A: I didn’t feel in danger, unlike in the south, where they wanted to kill you at that time. My mother just had this whole thing, “get on with it.” That’s who I am. I got that from her.

Q: You found the people willing to talk to you to be quite brave?

A: Yes, there was a risk. The place I saw real bravery over and over again was in the south. One guy I went and visited, it was his fourth dynamiting. He was 60-something. Brave as could be. …. (But you also) can become the discriminator. The (white) sheriff who came up to me, I was a smart ass, thought he was racist, and he was just making sure I didn’t get hurt. All of it is in all of us. And then there’s what you do with it. And you see that as I wrote about in Indonesia. It’s so fragile. So you have things going on now that in just a second could be ignited. Whether Indonesia or Bosnia.

Q: What do you have to say about public education, then and now?

A: For people that don’t have money, the equalizer is education. The example I give is my driver in Indonesia. This kid was as smart as could be; he was a whiz. But he grew up in a village, in a rural area, and his parents had no money. So he went through grammar school, that was it. Now if they had a public system, with high school and college, he would’ve been a doctor or lawyer. Education is the ticket out of poverty or menial jobs. The whole deal if you look at everybody from my block, that whole generation, mine and my brother’s, that’s what changed America. All those people could get an education.

Q: So does it prove that if you give people a good grounding and education, they can move up?

A: We know it’s stupid to say all the poor are stupid. Humanity exists among the rich, the middle class, and the poor. There’s a range. If you give people an opportunity and have not marginalized them so much that you kill their ambition, they’ll take advantage of it, so yeah, you can see that everywhere.

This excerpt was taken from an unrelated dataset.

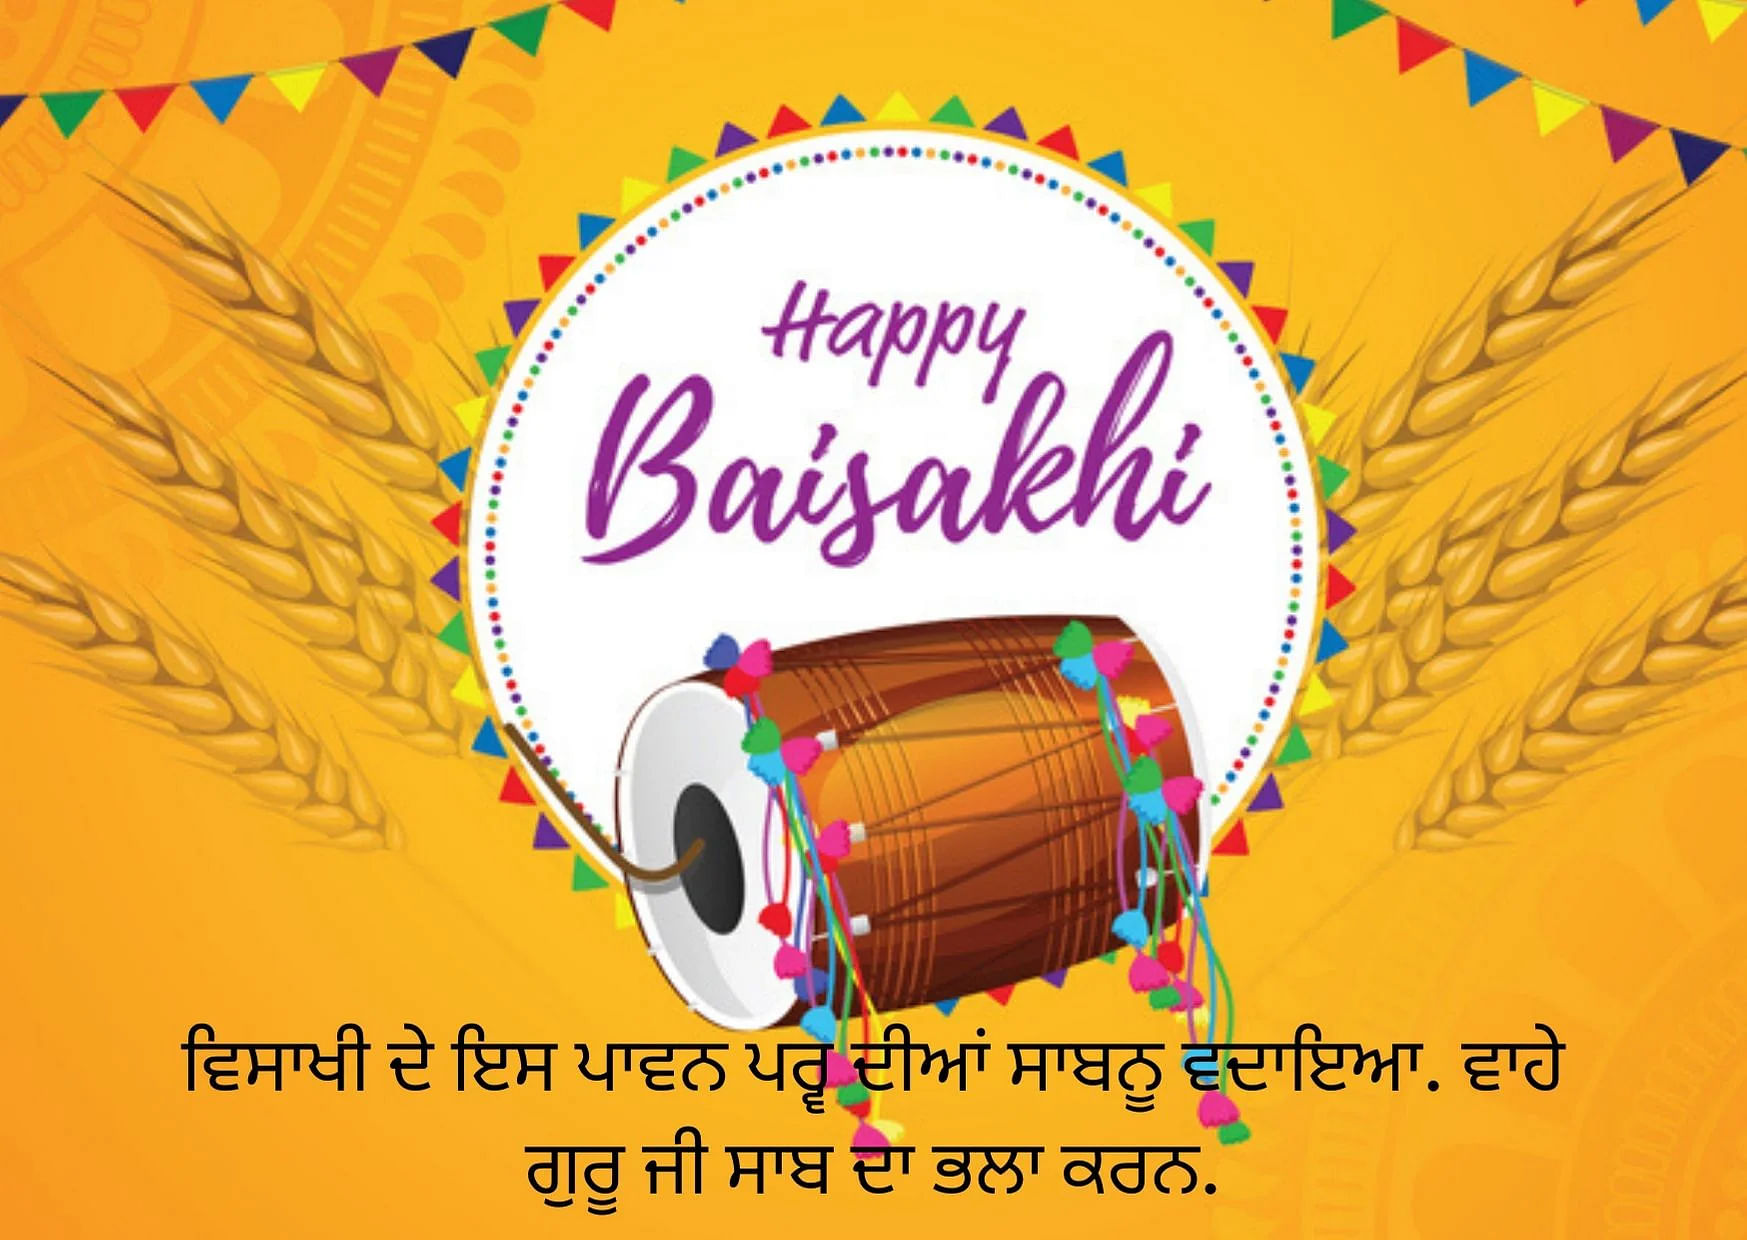 Baisakhi Wishes in Punjabi

Q: Please talk more about how to have realistic goals, and optimism, and pessimism. How do you keep your eye on the prize, day to day?

A: It’s hard to stay positive. I wrote about when I was in the Carter administration and I called up my friend in the White House and said, “this one we can do something about.” It was about this presidential scholarship to medical school if the recipients worked on a reservation and did other things. That one you know you did good.